Stored data
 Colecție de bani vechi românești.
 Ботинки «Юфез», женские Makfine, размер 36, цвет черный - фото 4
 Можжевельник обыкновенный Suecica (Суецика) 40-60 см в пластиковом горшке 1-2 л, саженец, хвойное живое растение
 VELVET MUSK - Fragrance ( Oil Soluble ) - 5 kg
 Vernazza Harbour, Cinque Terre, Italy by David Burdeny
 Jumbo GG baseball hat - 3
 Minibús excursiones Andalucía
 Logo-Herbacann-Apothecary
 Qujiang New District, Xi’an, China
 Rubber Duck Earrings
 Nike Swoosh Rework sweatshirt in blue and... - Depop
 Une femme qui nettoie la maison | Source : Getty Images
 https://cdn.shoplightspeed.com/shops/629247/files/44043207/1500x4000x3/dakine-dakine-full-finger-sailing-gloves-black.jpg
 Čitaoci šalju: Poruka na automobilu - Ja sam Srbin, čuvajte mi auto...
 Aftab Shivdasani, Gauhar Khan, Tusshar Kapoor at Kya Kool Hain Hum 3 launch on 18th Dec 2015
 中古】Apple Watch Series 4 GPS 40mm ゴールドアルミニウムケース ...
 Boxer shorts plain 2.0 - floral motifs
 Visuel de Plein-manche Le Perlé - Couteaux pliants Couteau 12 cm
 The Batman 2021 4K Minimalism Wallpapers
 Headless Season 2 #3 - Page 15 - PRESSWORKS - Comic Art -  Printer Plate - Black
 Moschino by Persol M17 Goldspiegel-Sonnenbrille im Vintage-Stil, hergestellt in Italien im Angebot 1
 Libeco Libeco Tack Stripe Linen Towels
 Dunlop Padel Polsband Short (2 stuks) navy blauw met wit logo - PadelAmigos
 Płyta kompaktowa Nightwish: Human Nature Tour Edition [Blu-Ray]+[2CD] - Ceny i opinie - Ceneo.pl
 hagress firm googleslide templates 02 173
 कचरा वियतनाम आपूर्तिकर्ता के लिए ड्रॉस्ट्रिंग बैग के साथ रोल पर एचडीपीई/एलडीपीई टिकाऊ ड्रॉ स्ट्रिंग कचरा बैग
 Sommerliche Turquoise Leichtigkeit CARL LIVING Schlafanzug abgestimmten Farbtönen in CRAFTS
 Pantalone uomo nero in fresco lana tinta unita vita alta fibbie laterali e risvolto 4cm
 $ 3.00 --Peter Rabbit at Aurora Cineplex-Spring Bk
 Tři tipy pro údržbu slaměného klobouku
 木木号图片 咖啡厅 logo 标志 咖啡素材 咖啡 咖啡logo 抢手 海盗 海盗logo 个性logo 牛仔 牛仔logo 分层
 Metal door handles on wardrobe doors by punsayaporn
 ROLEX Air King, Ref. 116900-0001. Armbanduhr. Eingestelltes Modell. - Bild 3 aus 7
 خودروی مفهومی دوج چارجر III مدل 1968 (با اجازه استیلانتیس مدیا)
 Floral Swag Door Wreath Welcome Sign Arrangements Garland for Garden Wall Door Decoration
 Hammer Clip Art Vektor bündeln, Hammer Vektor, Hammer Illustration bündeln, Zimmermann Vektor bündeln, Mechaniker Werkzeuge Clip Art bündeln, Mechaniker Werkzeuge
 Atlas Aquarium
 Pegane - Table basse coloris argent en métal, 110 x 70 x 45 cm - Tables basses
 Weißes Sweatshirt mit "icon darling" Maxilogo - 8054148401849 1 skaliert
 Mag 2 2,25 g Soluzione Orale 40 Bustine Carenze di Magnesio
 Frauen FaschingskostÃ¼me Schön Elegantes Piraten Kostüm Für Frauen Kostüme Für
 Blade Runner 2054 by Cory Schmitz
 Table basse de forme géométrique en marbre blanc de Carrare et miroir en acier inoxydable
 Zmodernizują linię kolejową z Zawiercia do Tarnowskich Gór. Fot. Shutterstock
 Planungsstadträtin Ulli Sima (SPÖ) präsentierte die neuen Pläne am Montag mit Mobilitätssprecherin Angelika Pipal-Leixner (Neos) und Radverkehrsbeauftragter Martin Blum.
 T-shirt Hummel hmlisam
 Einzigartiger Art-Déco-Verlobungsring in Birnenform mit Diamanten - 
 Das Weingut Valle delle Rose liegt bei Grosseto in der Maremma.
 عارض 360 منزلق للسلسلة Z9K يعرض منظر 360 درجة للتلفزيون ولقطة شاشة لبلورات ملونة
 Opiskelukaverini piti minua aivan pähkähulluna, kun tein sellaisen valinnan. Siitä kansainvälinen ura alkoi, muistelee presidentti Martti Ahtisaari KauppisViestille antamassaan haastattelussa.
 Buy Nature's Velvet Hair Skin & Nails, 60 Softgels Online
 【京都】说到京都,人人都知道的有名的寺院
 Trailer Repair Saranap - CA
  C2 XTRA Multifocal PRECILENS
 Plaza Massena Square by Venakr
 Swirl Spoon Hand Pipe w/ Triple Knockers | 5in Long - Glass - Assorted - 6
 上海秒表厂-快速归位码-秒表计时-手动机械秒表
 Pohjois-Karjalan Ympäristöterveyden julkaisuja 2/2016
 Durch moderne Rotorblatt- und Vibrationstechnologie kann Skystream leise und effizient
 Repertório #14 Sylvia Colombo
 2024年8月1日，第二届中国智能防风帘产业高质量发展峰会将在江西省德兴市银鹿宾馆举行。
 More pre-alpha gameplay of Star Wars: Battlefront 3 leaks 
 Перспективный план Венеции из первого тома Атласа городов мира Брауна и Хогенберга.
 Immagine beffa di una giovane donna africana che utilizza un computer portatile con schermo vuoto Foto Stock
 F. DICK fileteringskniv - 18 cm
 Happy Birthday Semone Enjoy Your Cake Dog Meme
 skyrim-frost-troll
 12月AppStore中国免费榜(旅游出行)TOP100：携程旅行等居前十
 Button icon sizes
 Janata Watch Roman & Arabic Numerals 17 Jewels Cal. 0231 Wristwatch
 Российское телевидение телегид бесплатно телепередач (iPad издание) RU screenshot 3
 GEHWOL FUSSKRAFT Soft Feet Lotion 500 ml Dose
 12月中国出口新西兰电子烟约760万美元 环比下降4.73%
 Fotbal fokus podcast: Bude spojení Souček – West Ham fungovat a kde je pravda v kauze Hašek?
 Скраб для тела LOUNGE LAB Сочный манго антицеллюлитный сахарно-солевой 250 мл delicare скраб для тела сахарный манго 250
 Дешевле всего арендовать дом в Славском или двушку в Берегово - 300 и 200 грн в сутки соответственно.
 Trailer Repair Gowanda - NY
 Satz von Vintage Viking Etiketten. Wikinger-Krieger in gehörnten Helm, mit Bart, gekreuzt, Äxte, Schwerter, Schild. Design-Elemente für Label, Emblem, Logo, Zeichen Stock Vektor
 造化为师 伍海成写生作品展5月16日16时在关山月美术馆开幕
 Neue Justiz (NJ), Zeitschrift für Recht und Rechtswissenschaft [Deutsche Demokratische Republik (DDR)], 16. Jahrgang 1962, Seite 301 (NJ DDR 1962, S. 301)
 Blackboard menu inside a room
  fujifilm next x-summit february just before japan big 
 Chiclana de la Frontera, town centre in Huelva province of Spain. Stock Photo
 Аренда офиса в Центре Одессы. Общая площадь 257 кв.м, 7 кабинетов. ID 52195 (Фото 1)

## What to do
Go through the records and count the lines that include the string "Nature"; state that number alone.

## Exercise result
2